What this task involves: A faithful, picture-free copy of the listing below is required.

The data:
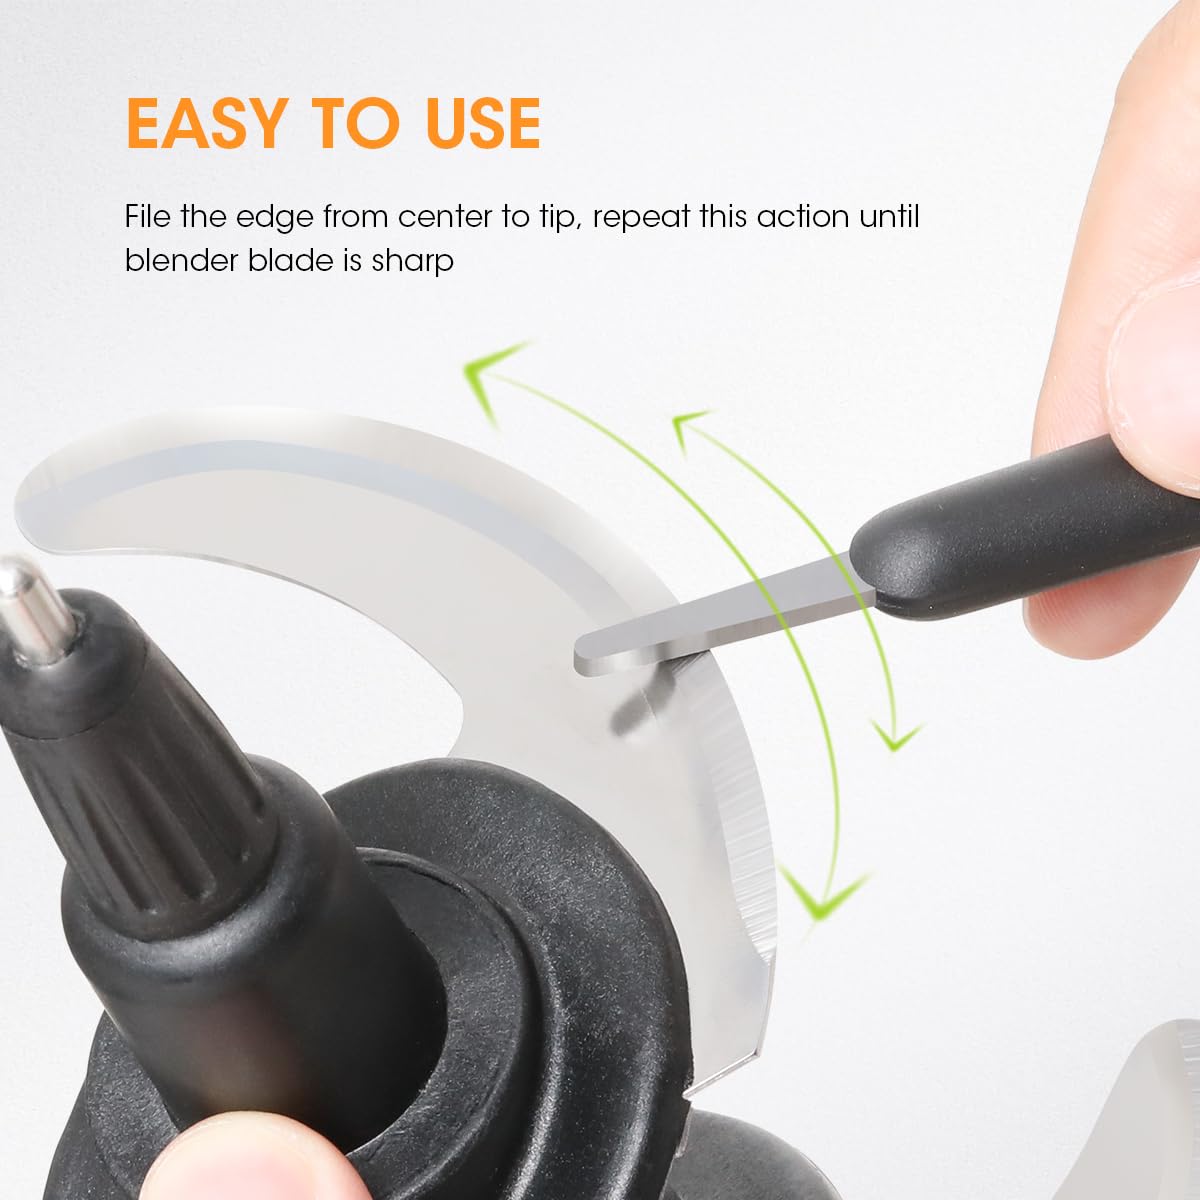 easy to use, file the edge from center to tip, repeat this action until blender blade is sharp
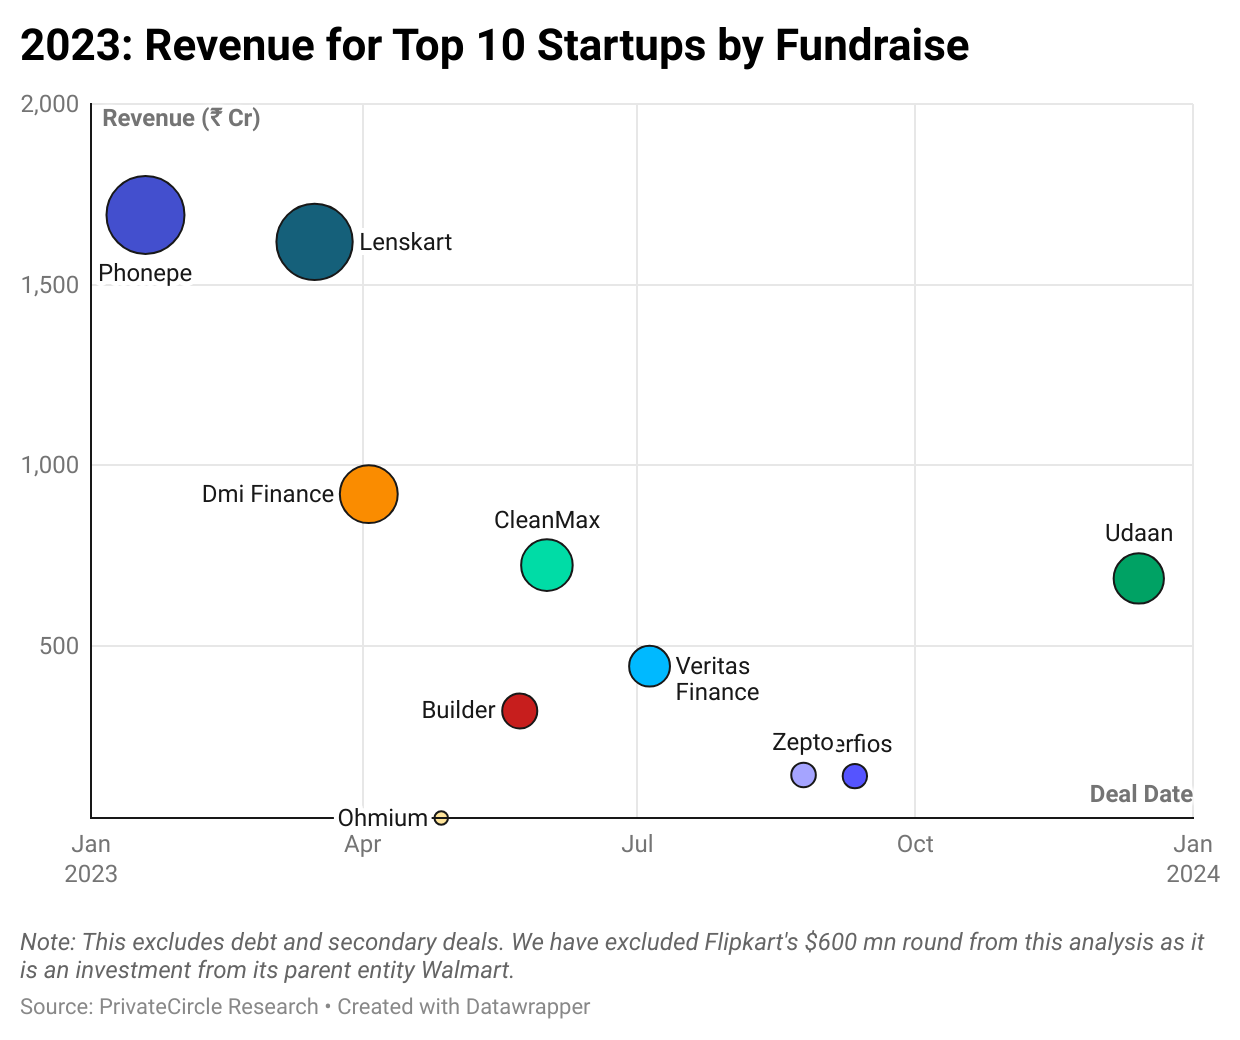 2023: Revenue for Top 10 Startups by Fundraise.

PhonePe had the highest revenue among these top 10 startups by amount raised in FY22. All revenue numbers are for FY22.

Response below:
 easy to use, file the edge from center to tip, repeat this action until blender blade is sharp
 2023: Revenue for Top 10 Startups by Fundraise.

PhonePe had the highest revenue among these top 10 startups by amount raised in FY22. All revenue numbers are for FY22.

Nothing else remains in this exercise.